_Task instructions_
Each line below from the line with "China's .5 billion" to the line with "Motocicletanegra Para El" must be copied exactly, including those two, and no picture may appear in the copy.

_Entries supplied_

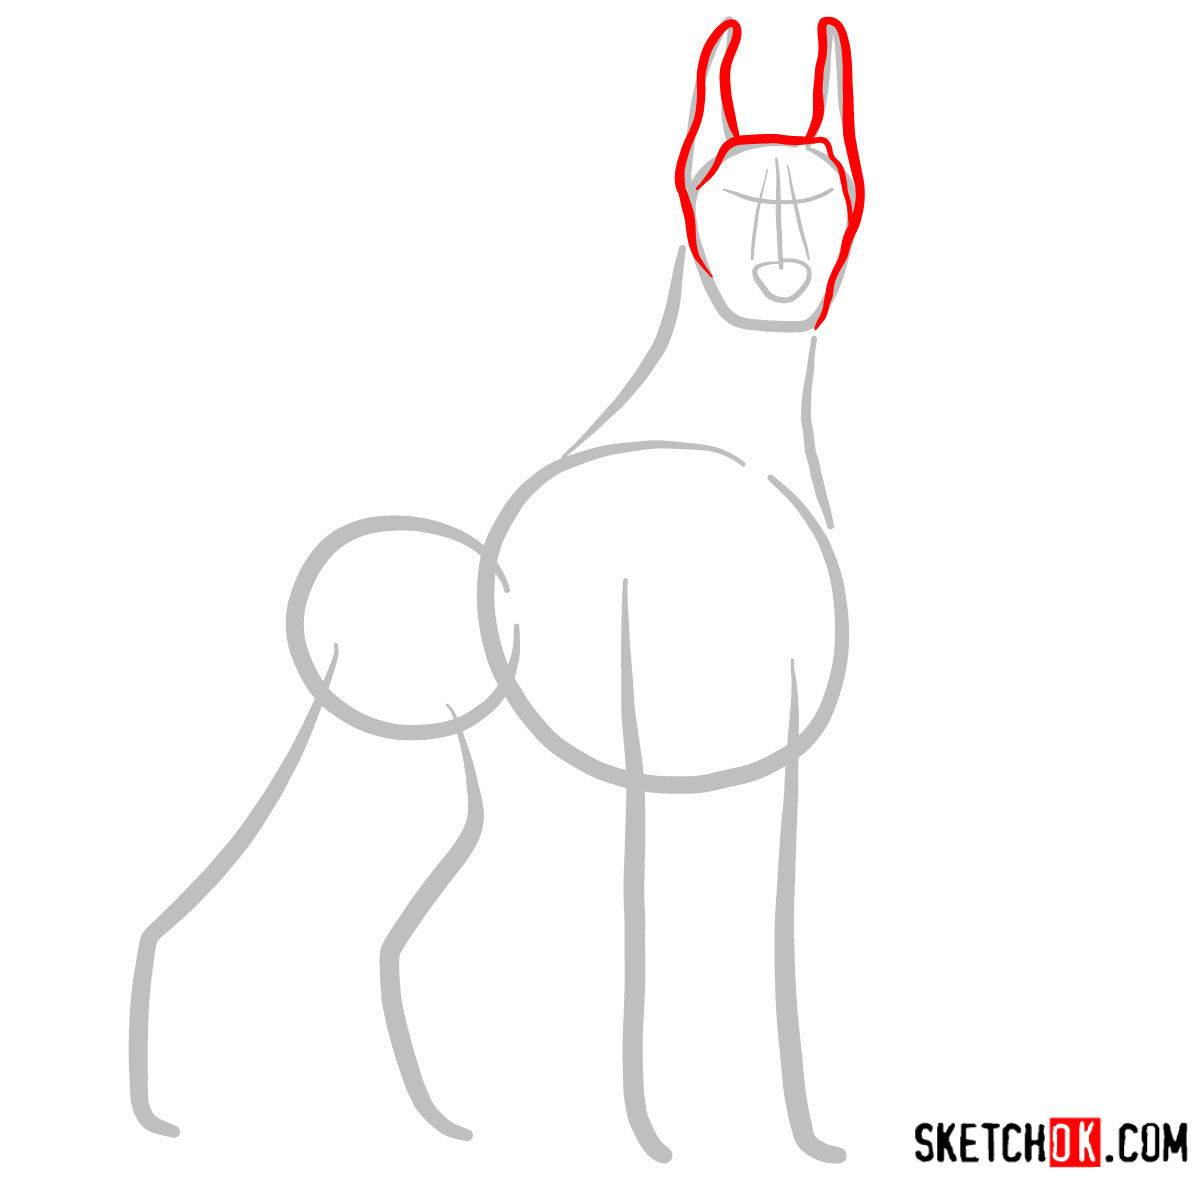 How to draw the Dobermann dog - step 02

==

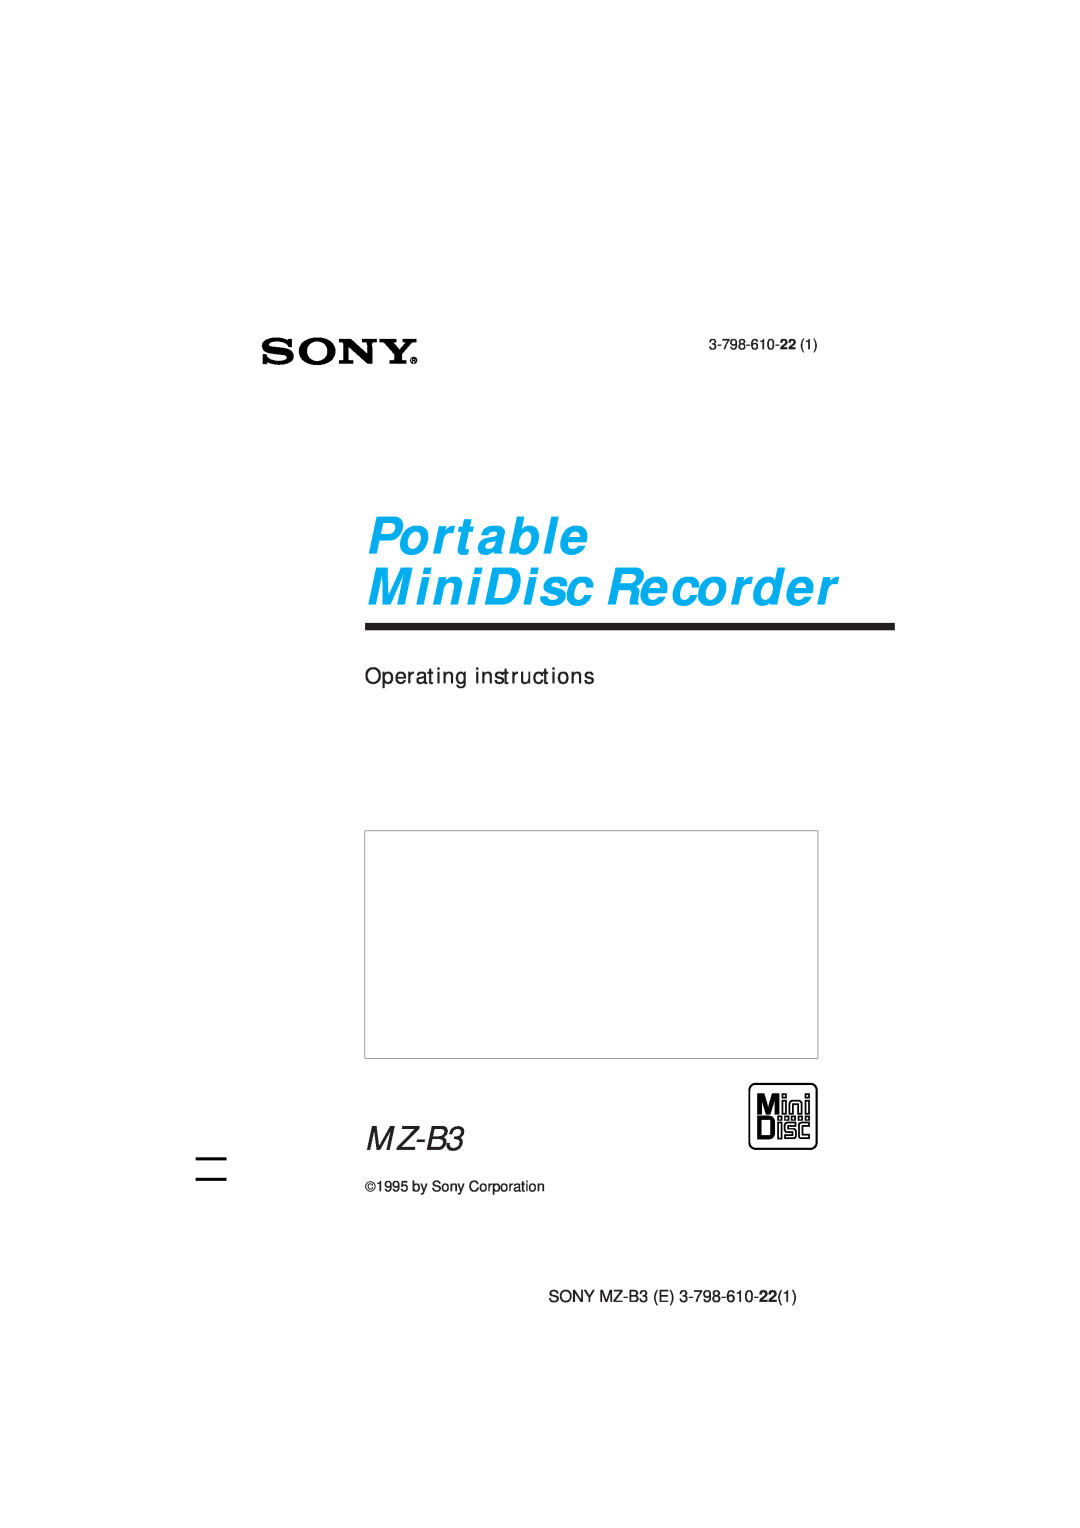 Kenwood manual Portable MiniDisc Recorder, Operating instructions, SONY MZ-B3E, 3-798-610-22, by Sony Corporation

--

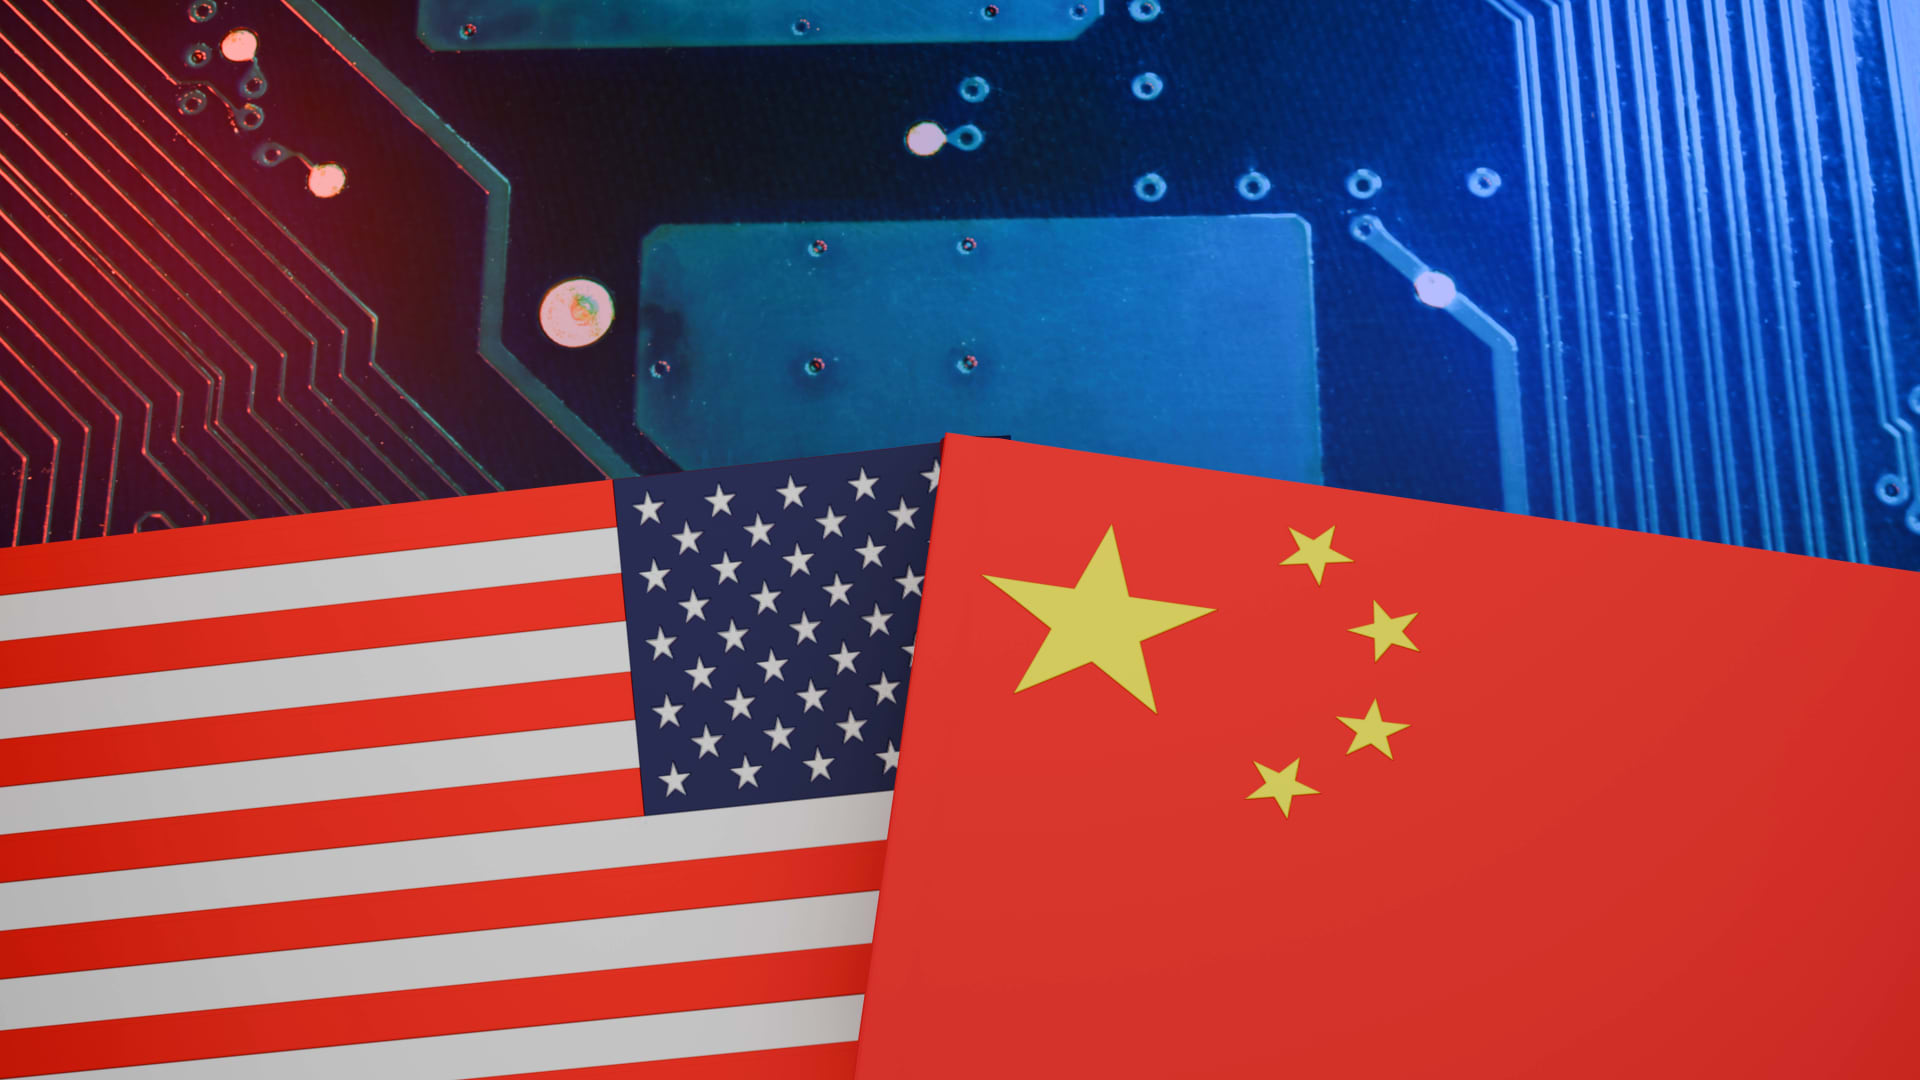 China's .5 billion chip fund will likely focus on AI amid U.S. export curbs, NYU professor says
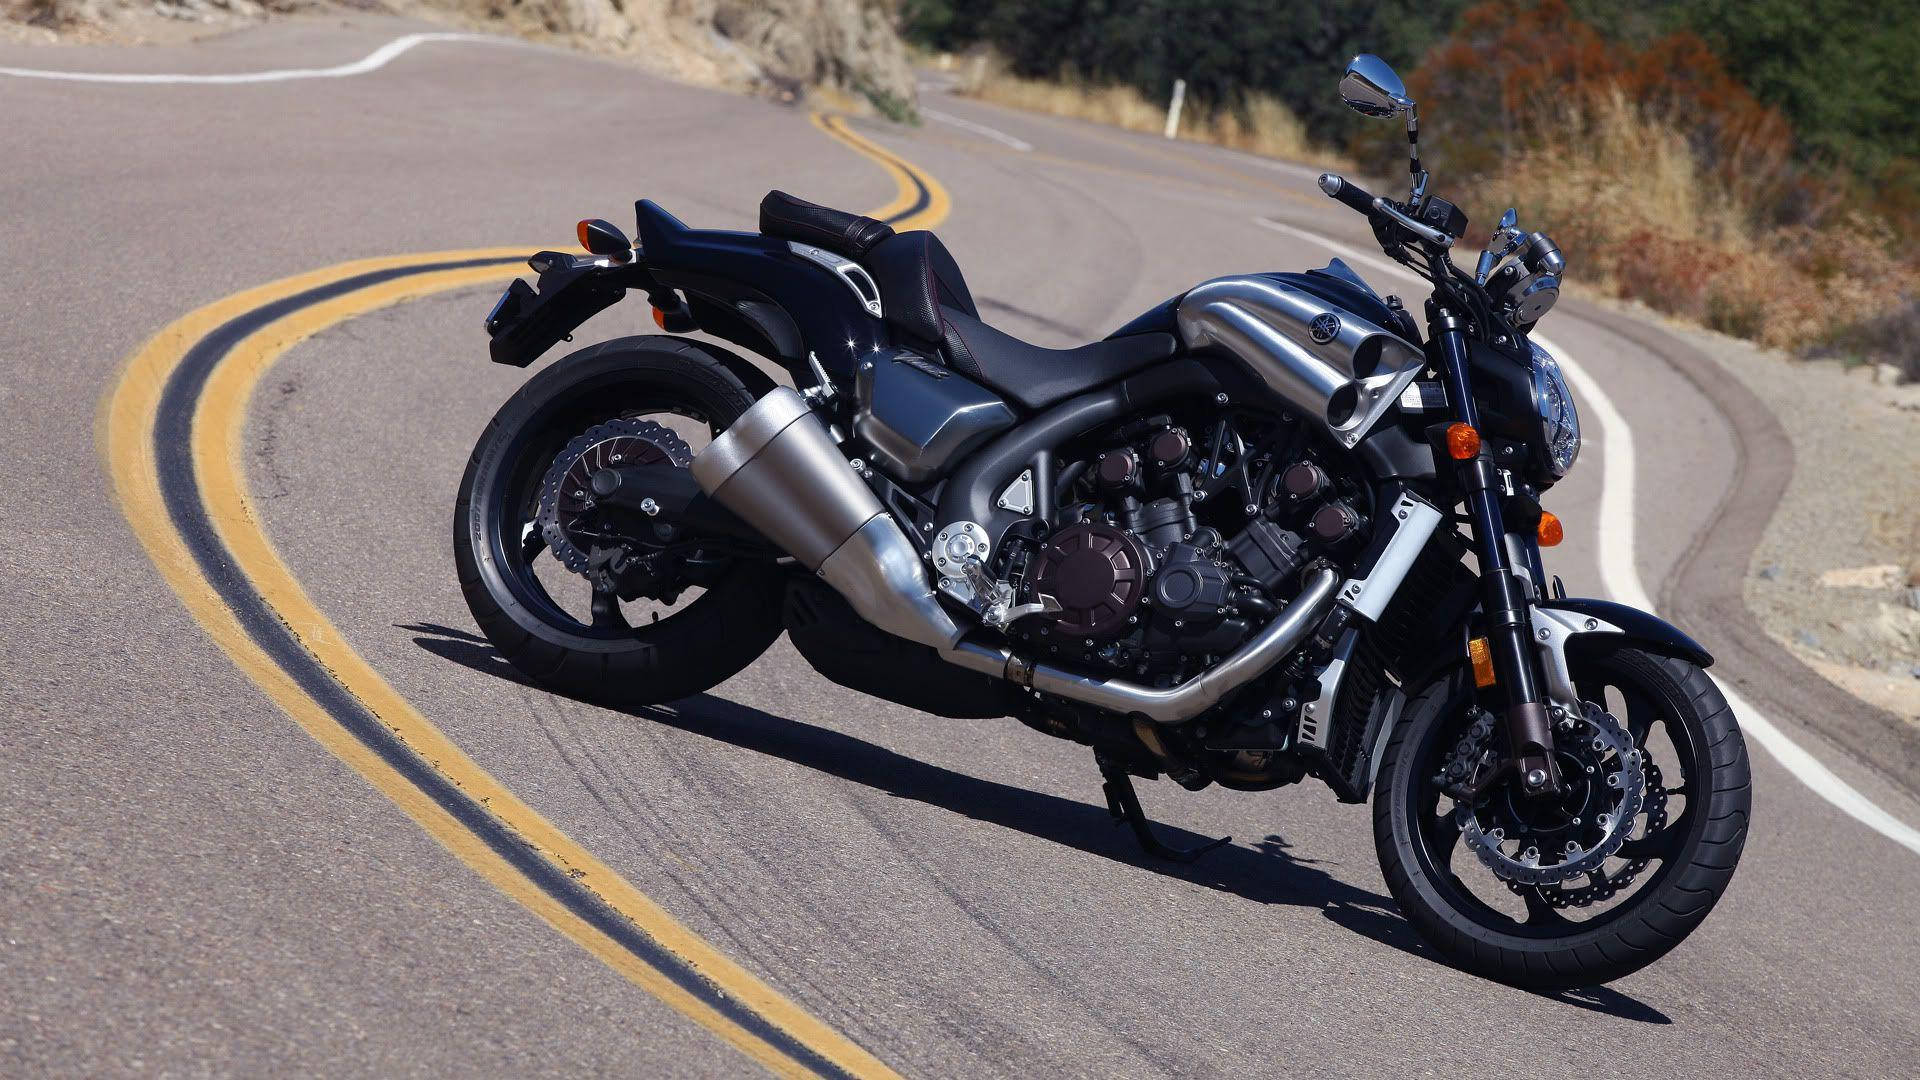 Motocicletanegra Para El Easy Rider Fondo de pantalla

_Problem solution_
 China's .5 billion chip fund will likely focus on AI amid U.S. export curbs, NYU professor says
 Motocicletanegra Para El Easy Rider Fondo de pantalla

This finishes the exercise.